Greetings, users of Hadoop on Google Cloud Platform!
We’ve recently discovered a bug in the implementation of globStatus for the GCS connector for Hadoop which causes it to erroneously report “not found” for globs inside nested subdirectories if using Hadoop 2.2.0. Note that this bug does not affect Hadoop 1.2.1, so it is optional to upgrade to this patched version if you’re only using 1.2.1.
Download the relevant patched connector libraries gcs-connector-1.2.7-hadoop1.jar and gcs-connector-1.2.7-hadoop2.jar directly, or simply upgrade to bdutil-0.34.4.tar.gz or bdutil-0.34.4.zip for your new Hadoop clusters to have them use the latest connector libraries.

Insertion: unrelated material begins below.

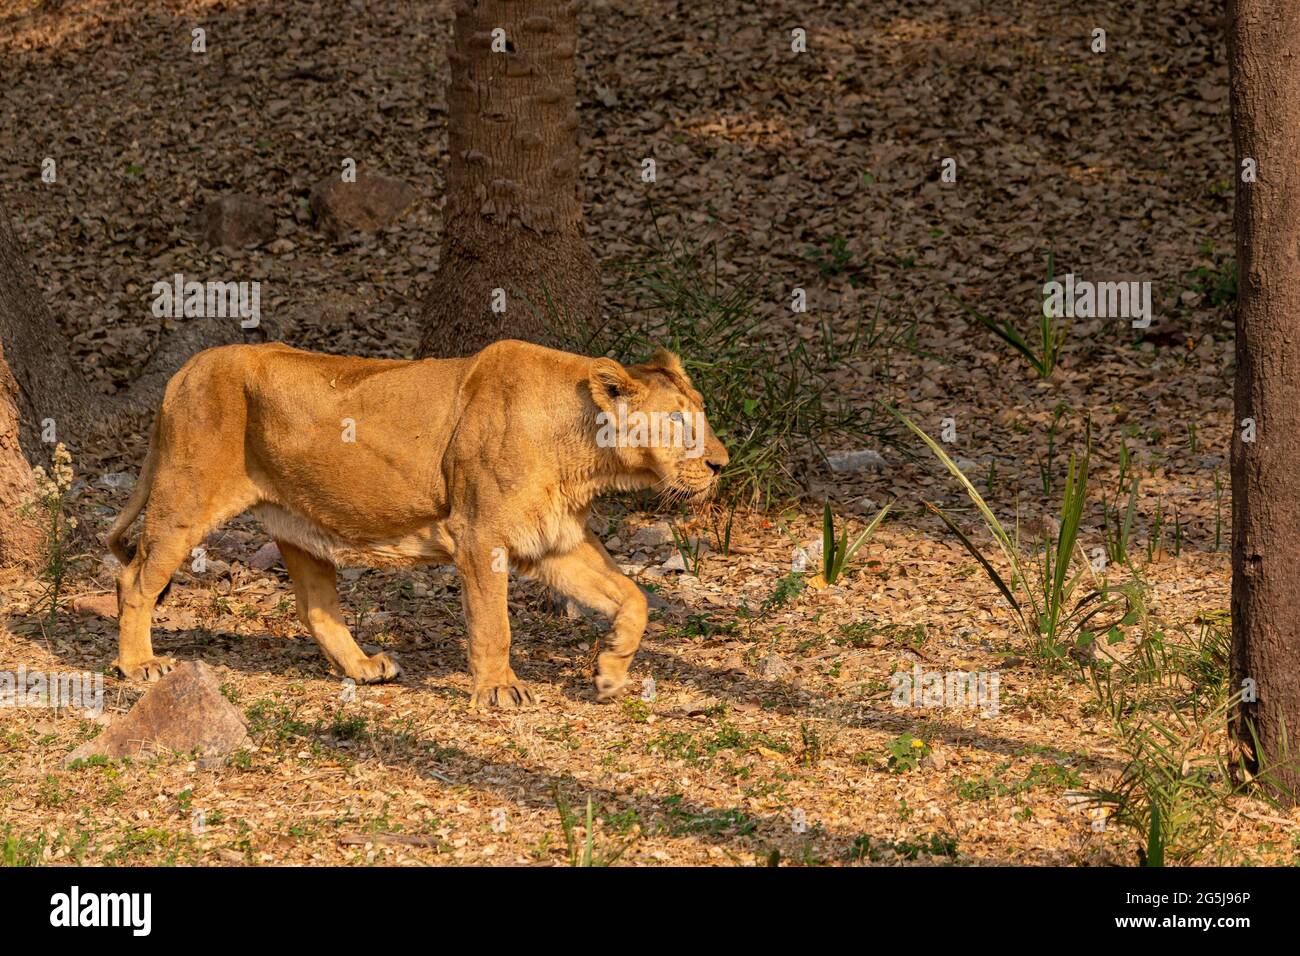 León en el Zoo , fotografía de vida silvestre Foto de stock

The following is an example of the bug which is now fixed in this release:
$ echo hello | hadoop fs -put - dir0/dir1/foo.txt
$ hadoop fs -ls dir0/dir1/*
ls: `dir0/dir1/*': No such file or directory
$ hadoop fs -ls dir0/dir1
Found 1 items
-rwx------ 3 hadoop hadoop 6 2014-06-21 03:14 ../dir0/dir1/foo.txt
Thank you for your continued patience and feedback as we work to smooth out these kinds of issues in the newer Hadoop 2 support, and as always, please send any questions or comments to gcp-hadoo...@google.com
All the best,
Your Google Team
bdutil-0.34.4: CHANGES.txt
0.34.4 - 2014-06-23
1. Switched default gcs-connector version to 1.2.7 for patch fixing a bug
where globs wrongly reported "not found" in some cases in Hadoop 2.2.0.
gcs-connector-1.2.7: CHANGES.txt
1.2.7 - 2014-06-23
1. Fixed a bug where certain globs incorrectly reported the parent directory
being not found (and thus erroring out) in Hadoop 2.2.0 due to an
interaction with the fs.gs.glob.flatlist.enable feature; doesn't affect
Hadoop 1.2.1.